ねぎ栽培の農薬管理ポイント|さび病・べと病・ネギアザミウマの防除
ねぎ栽培と農薬管理の特徴
ねぎ(根深ねぎ・葉ねぎ)は、年間を通じて栽培される重要な野菜です。根深ねぎは土寄せを繰り返しながら軟白部を伸ばす長期栽培で、春〜夏にかけてさび病が多発しやすく、秋〜冬はべと病・小菌核腐敗病が問題になります。

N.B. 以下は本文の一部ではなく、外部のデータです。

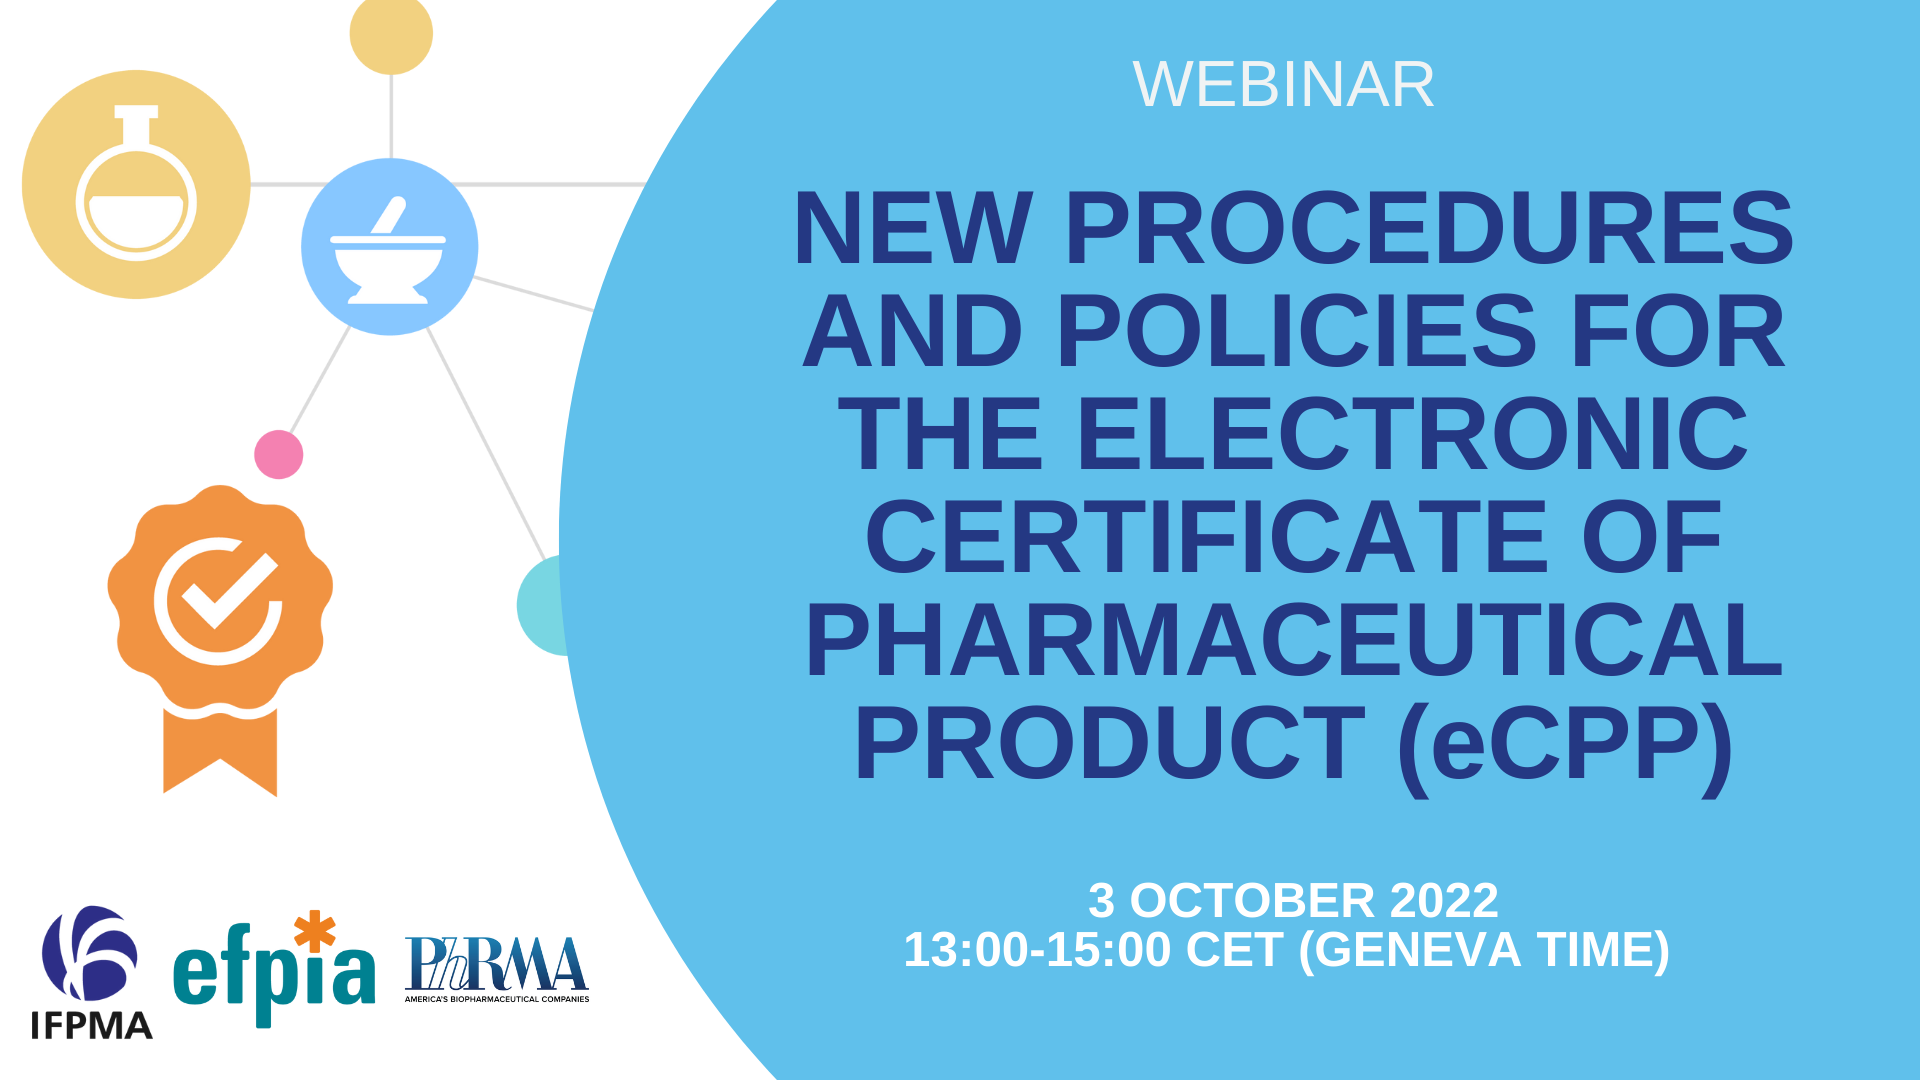 New procedures and policies for the electronic Certificate of Pharmaceutical Product (eCPP)

ねぎは葉面が細長く蝋質のため農薬が付着しにくい特性があります。展着剤を使用するか、展着剤入りの製剤を選ぶことが防除効果を高める上で重要です。
主要な病害と対策
さび病
ねぎで最もよく見られる病害のひとつです。葉に橙黄色の粉状の胞子(夏胞子堆)が多数形成され、激しいときは葉全体が枯死します。5〜6月と9〜11月の気温15〜20℃で多湿の条件に多発します。ジマンダイセン水和剤、ダコニール1000フロアブル、マネージDF、モレスタン水和剤などが使用されます。
べと病
葉に淡黄色の病斑が生じ、湿度が高いと葉表面に灰白色〜灰紫色のカビが発生します。春と秋の低温多湿時期に多発し、ひどい場合は圃場全体に急速に広がります。ランマンフロアブル、ホライズンDF、リドミルゴールドMZなどが有効です。発病前からの予防散布が基本です。
小菌核腐敗病(白絹病・菌核病)
土壌中の菌(Sclerotium属)によって引き起こされる病害で、地際部の葉鞘が腐敗し、白色の菌糸と小型の菌核(粟粒大の褐色粒)が形成されます。高温多湿期(7〜9月)に発生しやすく、連作圃場で発生が増えます。モンカット水和剤、バシタック水和剤などで防除します。輪作・深耕・排水管理が根本的な予防策です。
黒斑病
葉に水浸状の褐色病斑が生じ、進展すると葉が黒褐色に枯死します。梅雨時〜秋雨期の多雨条件で発生しやすいです。ダコニール1000フロアブル、オーソサイド水和剤などが有効です。
主要な害虫と対策
ネギアザミウマ
ねぎ類で最も重要な害虫のひとつで、葉を吸汁して白い筋状の傷(カスリ状被害)をつけます。外観品質への影響が大きく、市場価値を直接損ないます。夏〜秋の高温乾燥期に特に多発します。スピノエース顆粒水和剤、モスピラン顆粒水溶剤、アファーム乳剤などをローテーション使用します。薬剤耐性の進行に注意が必要です。
ネギコガ
幼虫が葉に潜り込み内部を食害する害虫です。被害葉には白い縦筋状の食痕が残り、葉が枯れ上がります。プレバソンフロアブル5、アファーム乳剤などが使用されます。幼虫が葉内部に潜ると農薬が届きにくくなるため、若齢幼虫の時期(産卵直後〜孵化直後)を狙って散布することが効果的です。
アブラムシ類
葉に群生して吸汁し、生育を阻害します。ウイルス病の媒介にもなるため、発生初期の防除が重要です。コルト顆粒水和剤、モスピラン顆粒水溶剤などで防除します。
ネギハモグリバエ
幼虫が葉内部に潜って食害し、白い蛇行した食痕(マイン)を残します。施設栽培で被害が目立つことがあります。ディアナSC、スピノエース顆粒水和剤などが有効です。
農薬使用上の注意点
ねぎは葉面が滑らかで薬液が流れ落ちやすいため、展着剤の使用が重要です。農薬ラベルに記載の展着剤を規定量加えて散布してください。
また、ネギアザミウマは薬剤耐性がつきやすいことが全国的に問題になっています。同系統の殺虫剤を連続使用せず、必ず作用機序の異なる薬剤をローテーションしてください。農薬混用チェッカーの散布記録機能を使って使用履歴を管理することをおすすめします。